The accuracy and ability of physicians in the first stage of testing has a significant impact on the overall efficiency of a health system. Unnecessary referral for further tests results in waste and unnecessary expense. The first stage of diagnoses includes but is not limited to auscultation, pulse detection, ear and eye inspection, blood pressure detection, visual inspection, temperature detection, neurological tests, and percussion. These tests are carried out using either separate devices or with fingers, hands, eyes, and ears. Some diagnoses require a detailed process of individual tests with the combination of results providing disease indicators.
Devices a physician uses during preliminary examination include stethoscopes, otoscopes, ophthalmoscopes, thermometers, pressure detectors, and neurological kits. Other procedures include palpating to detect arterial pulses, glucose testing, percussing (tapping and listening to the sounds character) and palpation to detect sub-dermal structure, and visual inspection for examining jugular venous pressure and characteristics.

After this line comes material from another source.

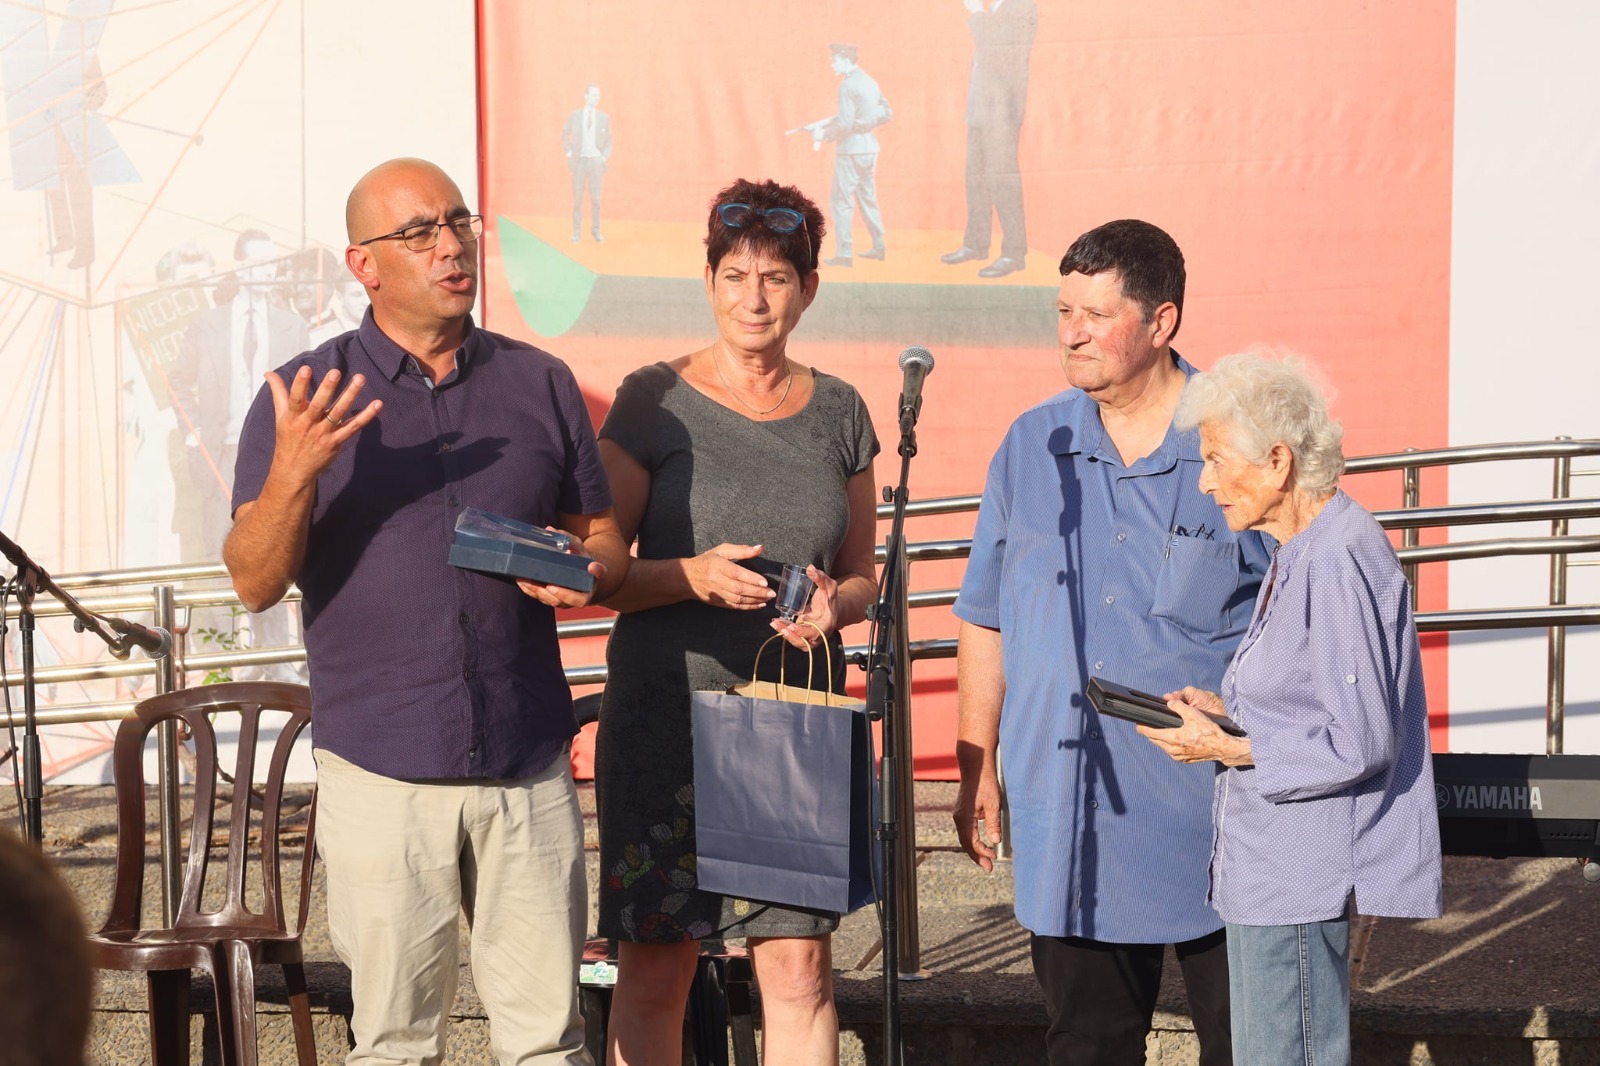 יגאל כהן (משמאל), מנכ"ל בית לוחמי הגטאות, מברך את עדנה סולודר יחד עם נגה בוטנסקי וניר מאיר

All of these devices, when portable, must be carried and stored individually. Many now include electronic or electrical features and these then require battery power and generally separate battery chargers for each device. When the devices are not portable, or not easily carried, the difficulty of bringing them to the patient may lead to such devices not being used in the first instance, contributing to unnecessary further testing.
There are advantages in cost and patient care in facilitating performance of diagnostic tasks. The ability of physicians to easily record data and images during their investigation is also of great use for reference and monitoring of certain conditions. Under certain circumstances, the ability of physicians to communicate audio or visual data to a colleague at a remote location while maintaining voice contact with the colleague is of great benefit.

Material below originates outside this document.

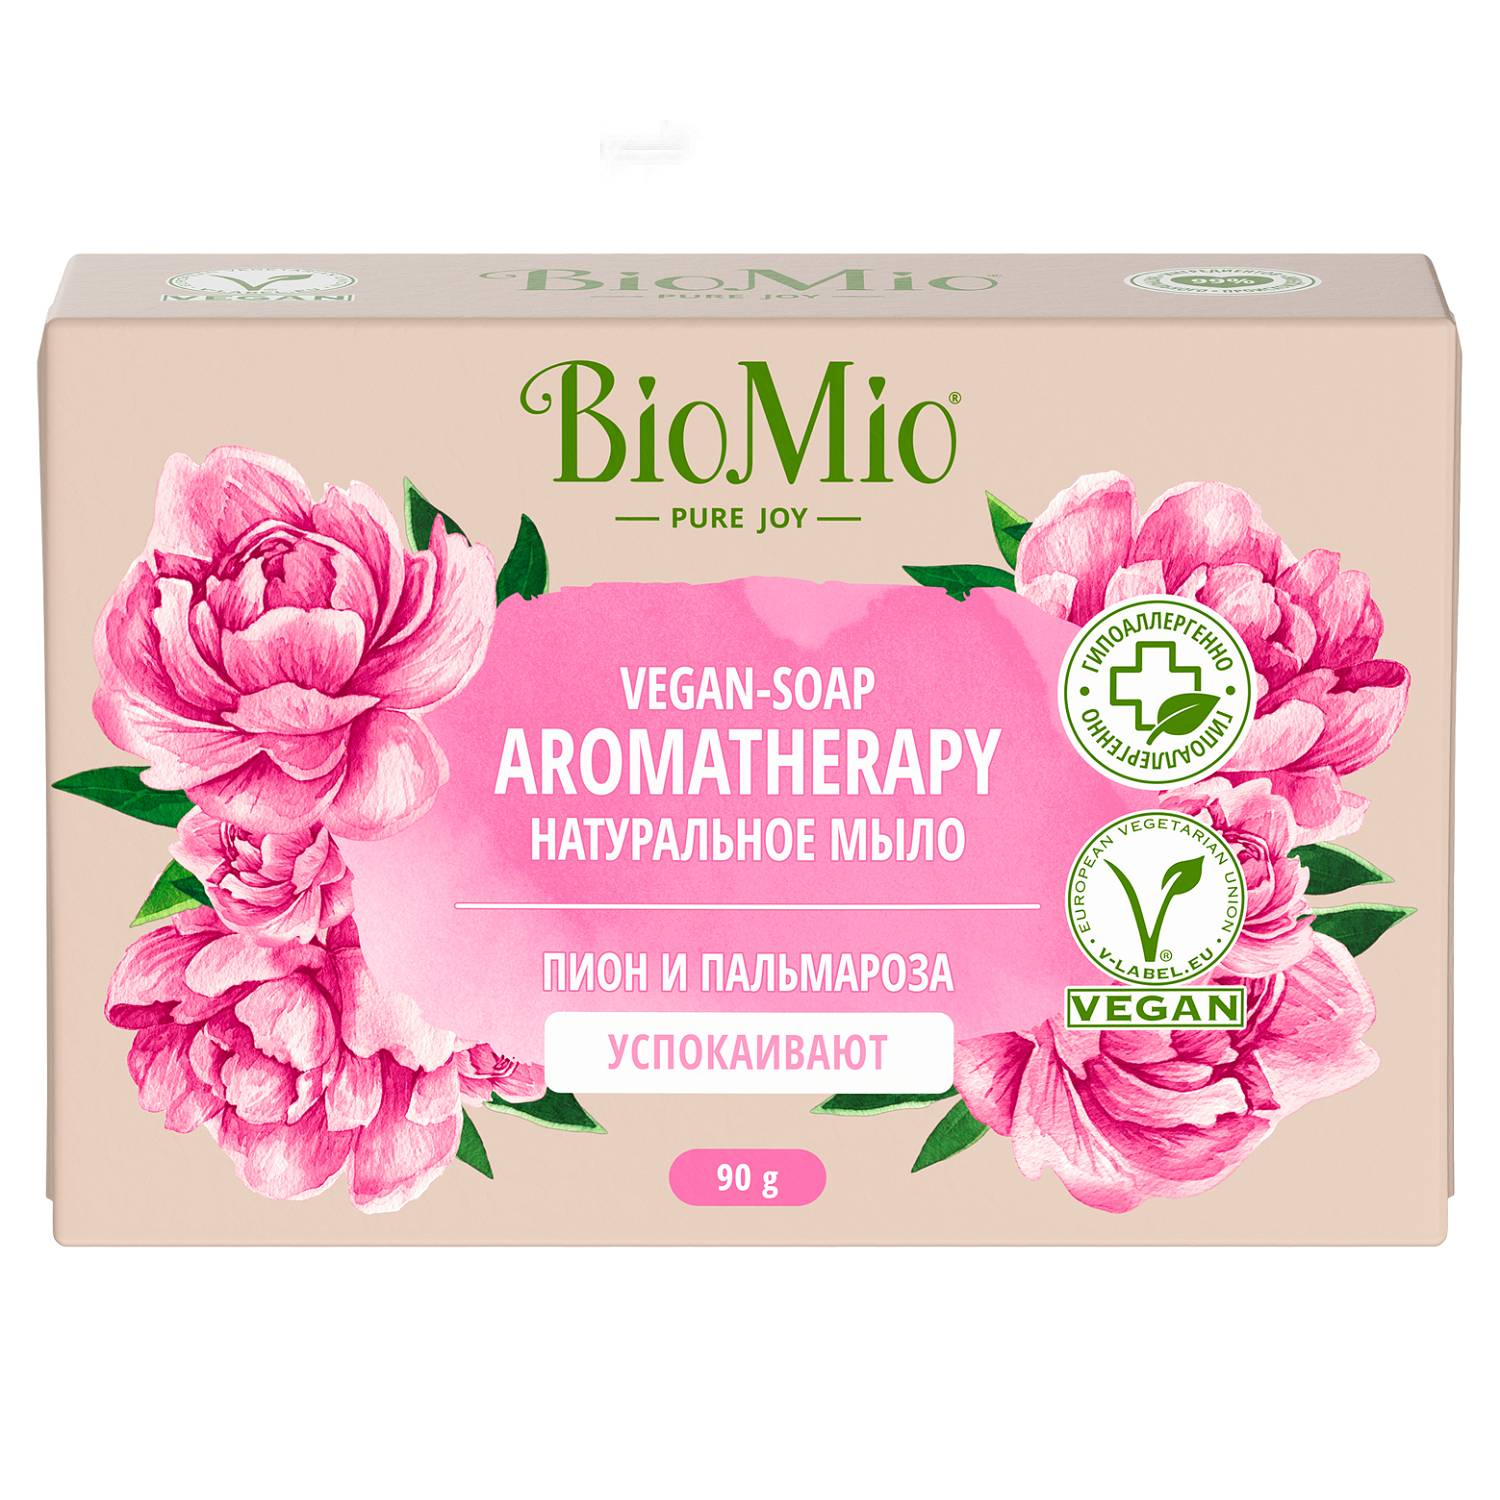 BioMio Натуральное мыло Пион и пальмароза Vegan Soap Aromatherapy, 90 г (BioMio, Мыло) веганское мыло для бритья без запаха 80 г bambow bambaw

The background art contains numerous stethoscope devices for auscultation, including several electronic versions. The first electronic stethoscopes appeared around the same time as the transistor (U.S. Pat. No. 3,182,129), and numerous adaptations have appeared since (U.S. Pat. No. 4,170,717, U.S. Pat. No. 4,598,417, U.S. Pat. No. 6,134,331). Some background art has included interfaces to other devices to allow for telemedicine or further diagnostics, such as devices manufactured by Stethographics, American Telecare Inc, and Cardionics Inc. Other manufacturers have included some additional functionality by clip-on modules, such as the Stethodop covered by U.S. Pat. No. 5,960,089, U.S. Pat. No. 6,106,472 also discloses an ultrasound stethoscope. All of these devices are single function, and can not be configured to perform alternative diagnostic procedures.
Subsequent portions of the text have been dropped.